As you can probably tell by the title, there’s a lot of Kiwi authors here, and a large portion of the stories are cautiously optimistic. This was by design, I think – there’s enough doom and gloom anthologies out there, but this one is more along the lines of “bad things have happened, let’s see how we can get through it,” which I’ve always thought was a valuable perspective.

In “Portobello Blind,” the heroine is a fourteen year old blind girl who’s left alone at a marine biology lab – her dad went for medicine and never came back. Anna, proving competent at obtaining a diet of shellfish and seaweed, has to contend with something else: a lack of purpose. So, while she waits for other people to turn up and let her know that she’s not the only survivor left, she starts doing science experiments… because when disaster strikes, refusing to curl up and sink into uselessness is an act of simple self-respect.

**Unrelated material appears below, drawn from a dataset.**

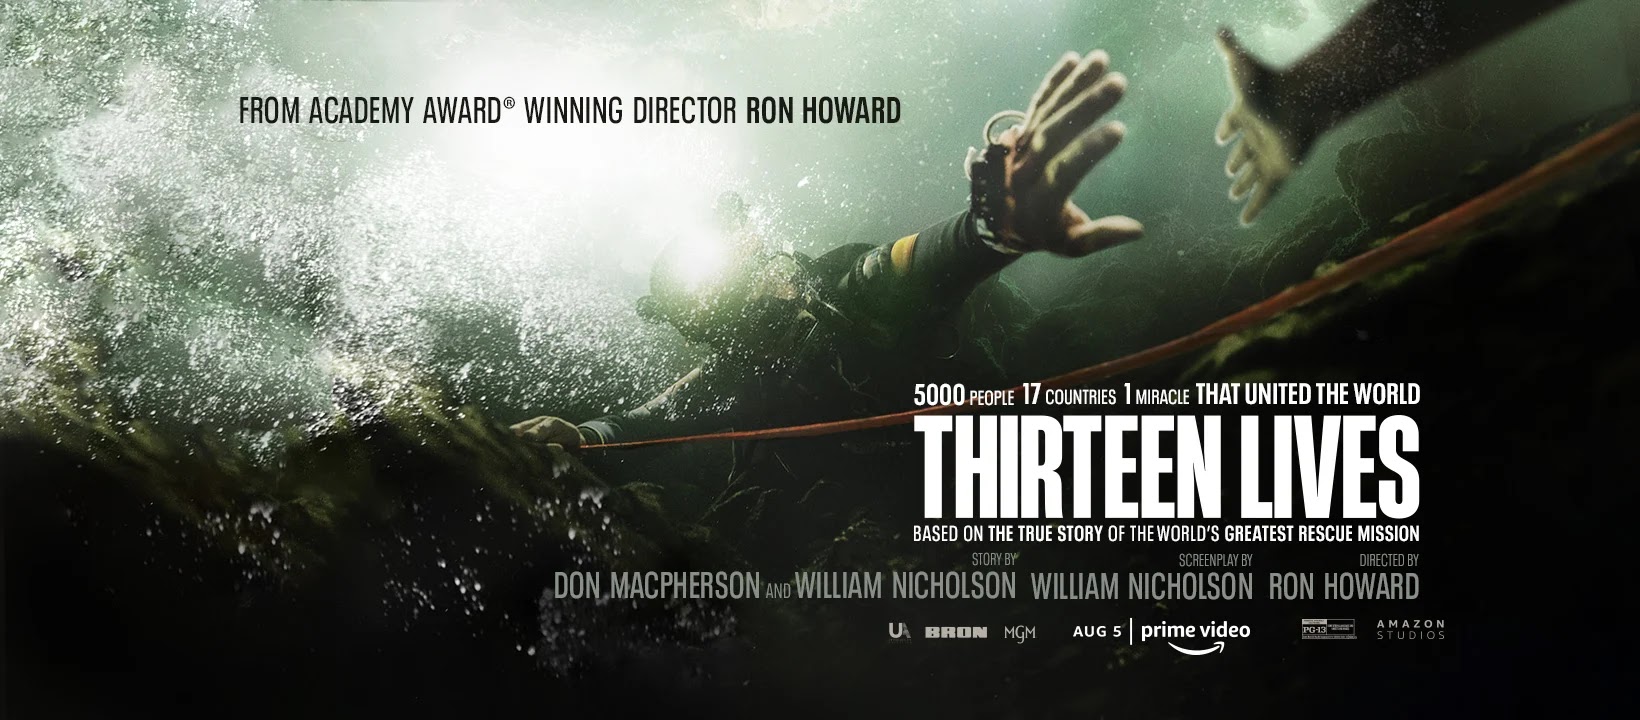 Thirteen Lives Movie Release date, Cast, Trailer and Ott Platform. All You Need to Know

Horror, SFF, Short stories

Breathless in the Green

I have a new story out! “Breathless in the Green” is available to read in the latest issue of Fantasy & Science Fiction. It’s the second story I’ve sold to them, and very pleased I was to do it.

“Breathless in the Green” came about because I was looking to write a story about a water monster, possibly using folk tales to do so. And I came across the figure of Ginny Greenteeth, a sort of water hag that hangs round the ponds and stagnant waters of England, pulling kids into the water and drowning them. Now, I’d heard about Ginny before, in the very vaguest sort of way, but what I didn’t realise – and what caught my attention, and made me want to write a story about her – is that “Ginny Greenteeth” is also used to describe duckweed, which is that small, scummy-looking green plant that covers over ponds. You can see where the connection came from. Duckweed could hide how dangerous a body of water is, and a curious child might not take enough care and drown. Over time, such a thing is attributed to the water hag, which is interesting in itself, but duckweed has one particularly stellar property. It’s great for bioremediation, which means it can filter pollutants out of the environment around it.

It’s a very environmentally friendly weed, is what I’m saying… which leads to a very environmentally friendly monster. Oh, the Ginny Greenteeth of my story still wants to drown things, but this time she’s found a friend… a little girl who is sick of going on climate marches because they don’t achieve anything.

There’s a water hag who just might be able to remedy that inaction.